§ **Your task**
Lines before the one containing "Crystal marmalade server" are not copied; that line and every one after it, through the end of the material below, are printed exactly, without pictures.

§ **Supplied data**
..............................
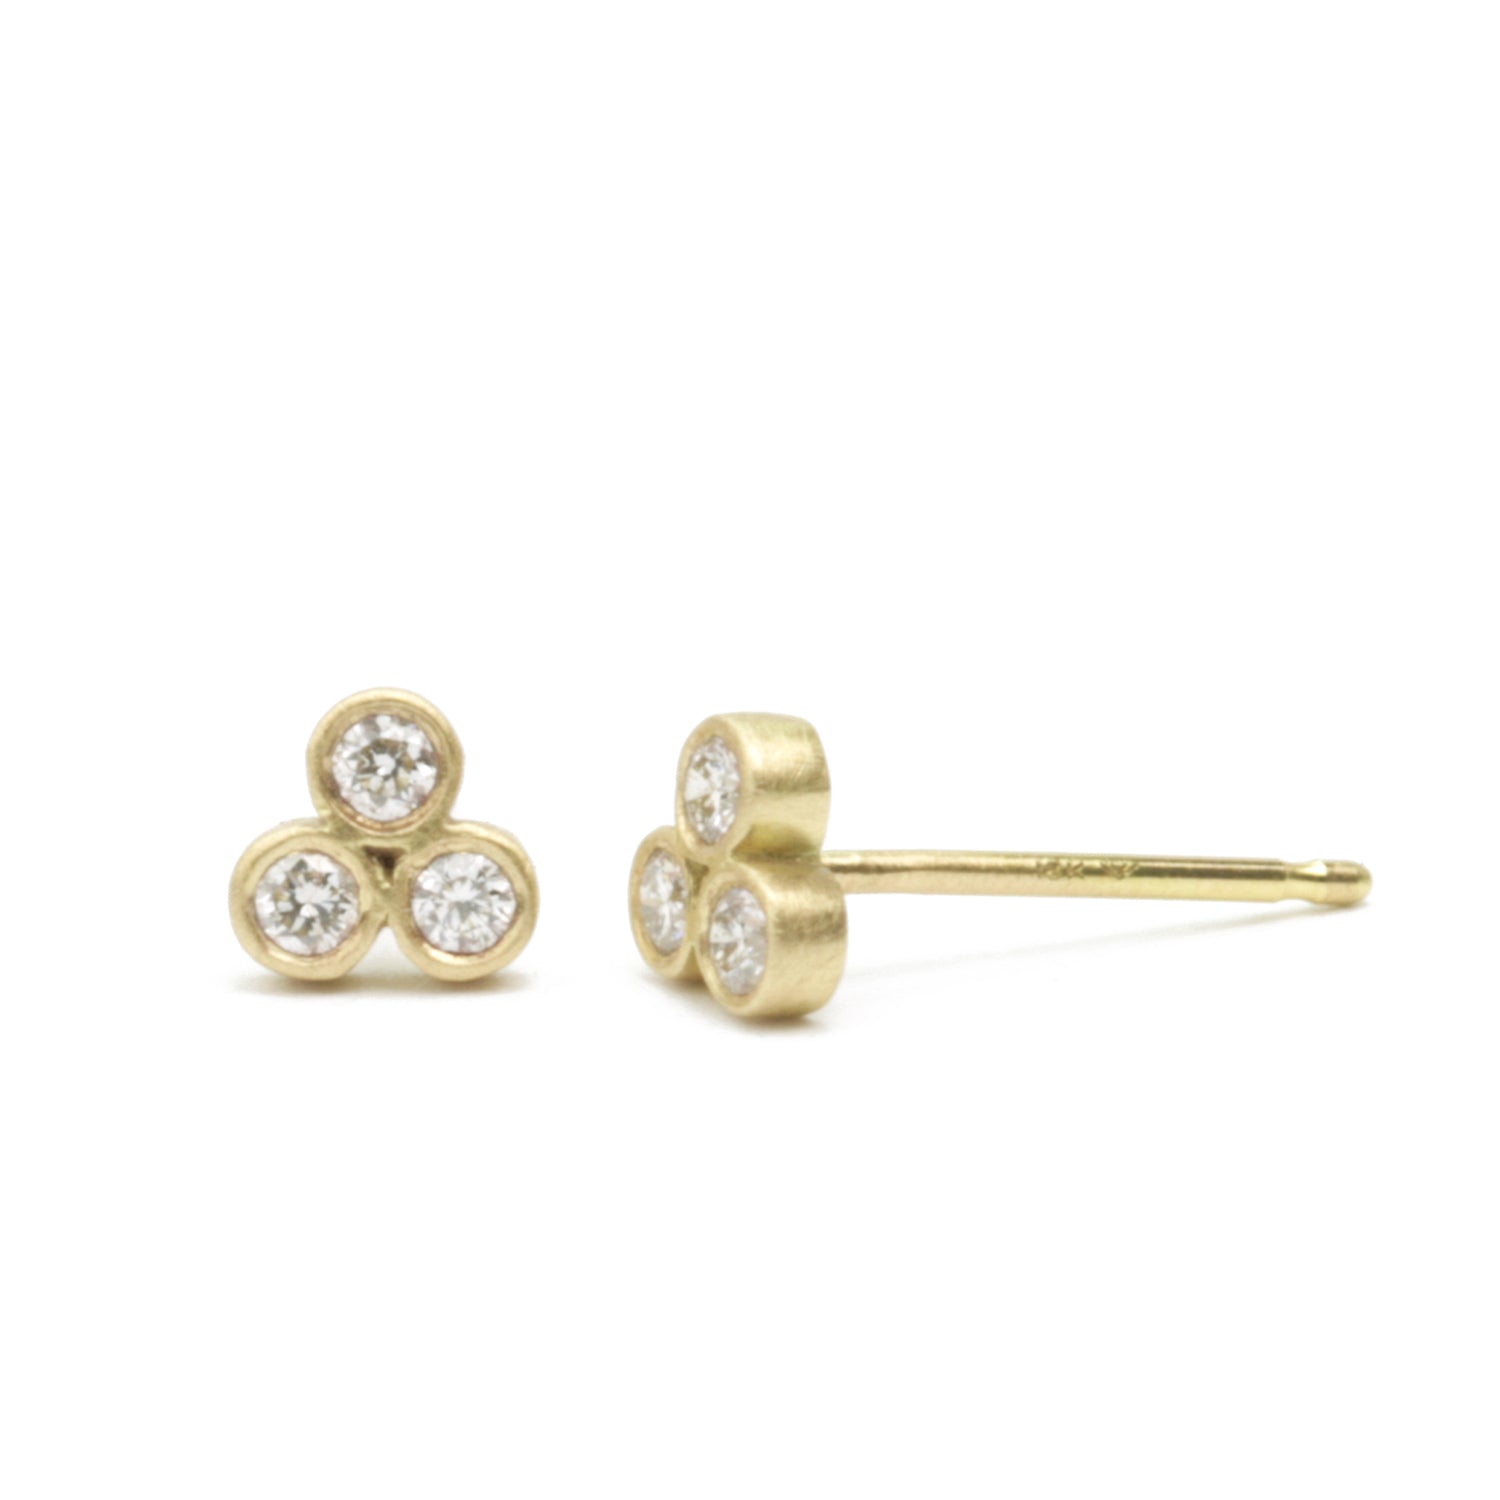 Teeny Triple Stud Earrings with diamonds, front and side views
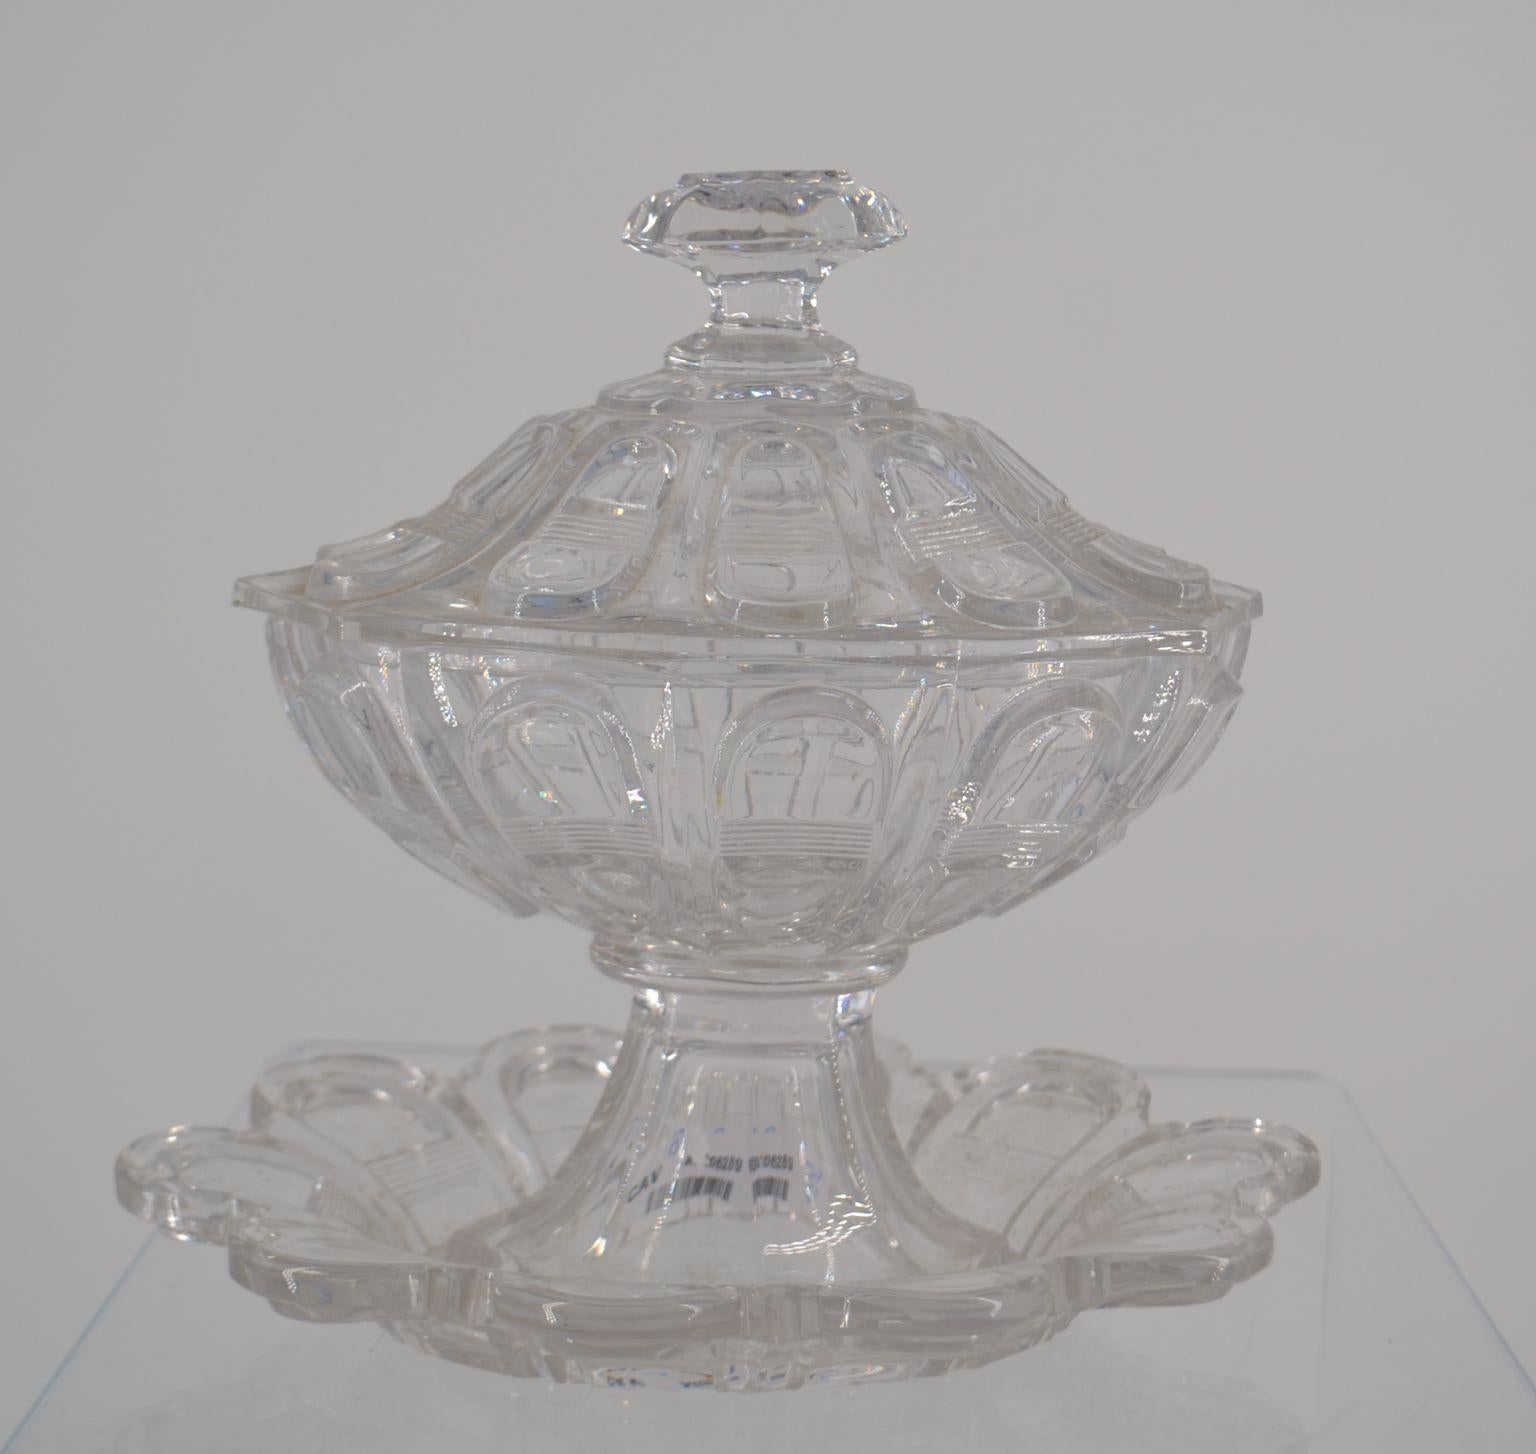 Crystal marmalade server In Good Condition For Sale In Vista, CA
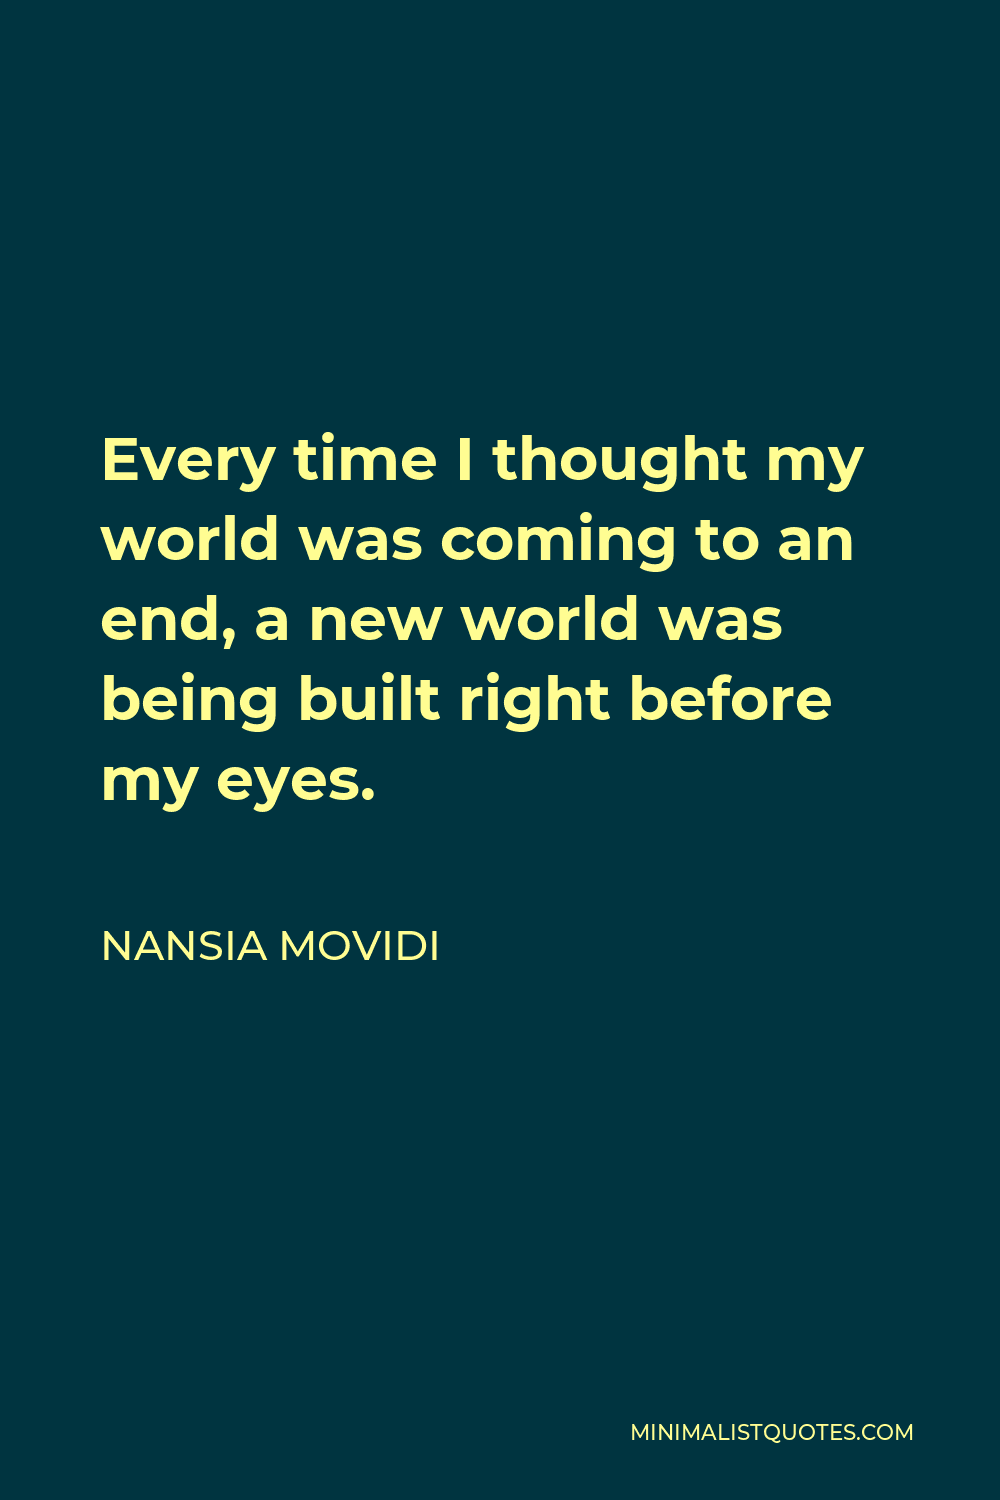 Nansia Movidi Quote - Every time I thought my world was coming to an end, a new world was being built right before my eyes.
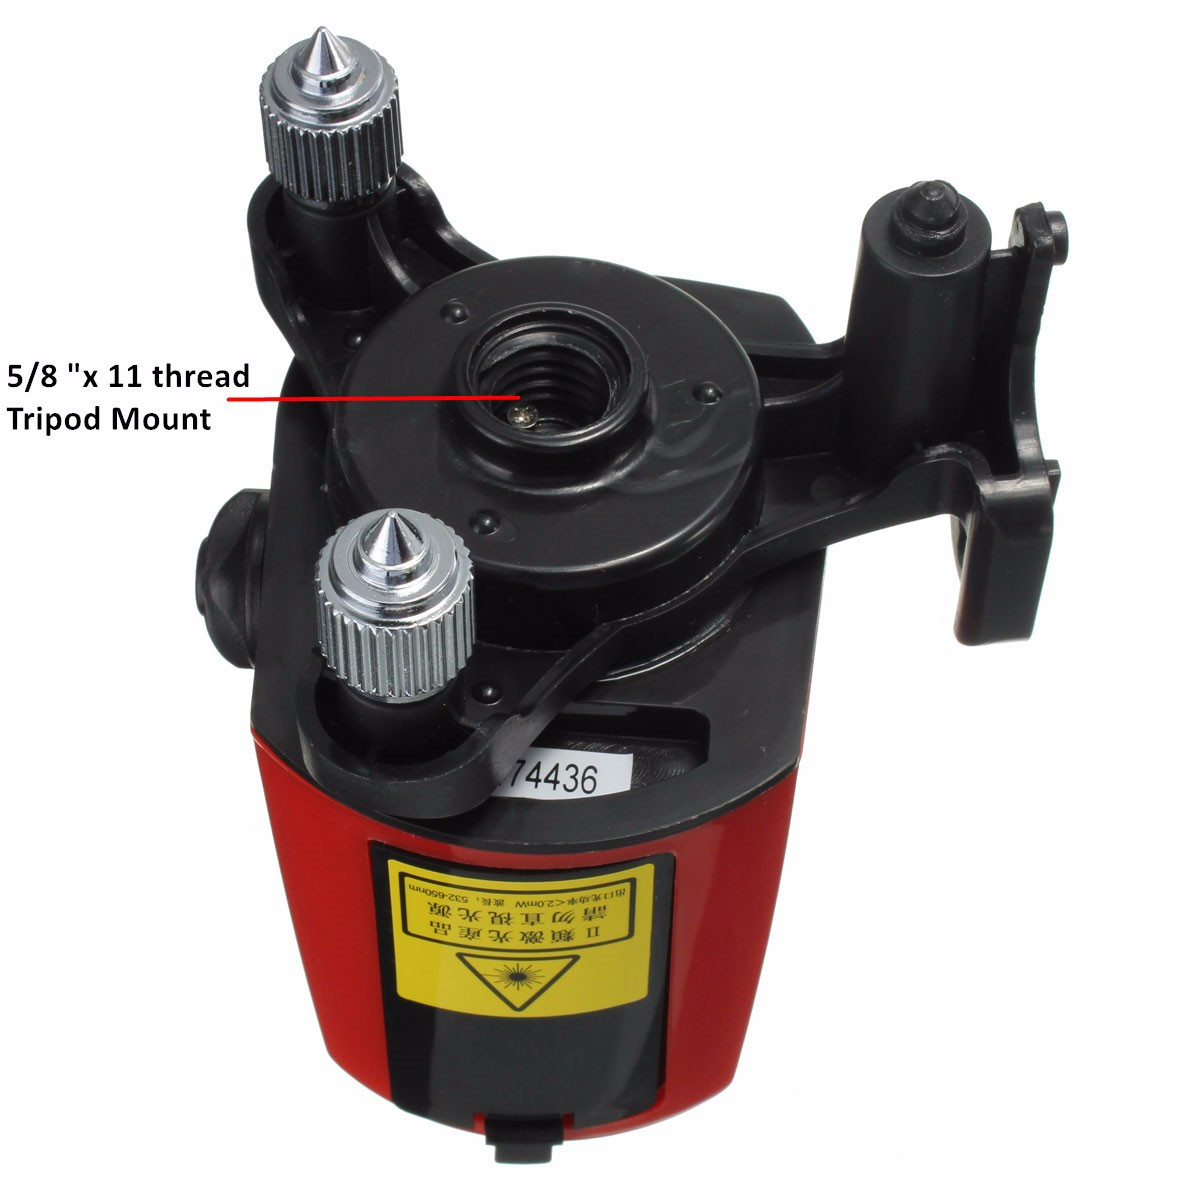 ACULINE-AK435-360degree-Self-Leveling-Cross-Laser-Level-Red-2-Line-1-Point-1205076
..............................
§ **Answer below**
 Crystal marmalade server In Good Condition For Sale In Vista, CA
 Nansia Movidi Quote - Every time I thought my world was coming to an end, a new world was being built right before my eyes.
 ACULINE-AK435-360degree-Self-Leveling-Cross-Laser-Level-Red-2-Line-1-Point-1205076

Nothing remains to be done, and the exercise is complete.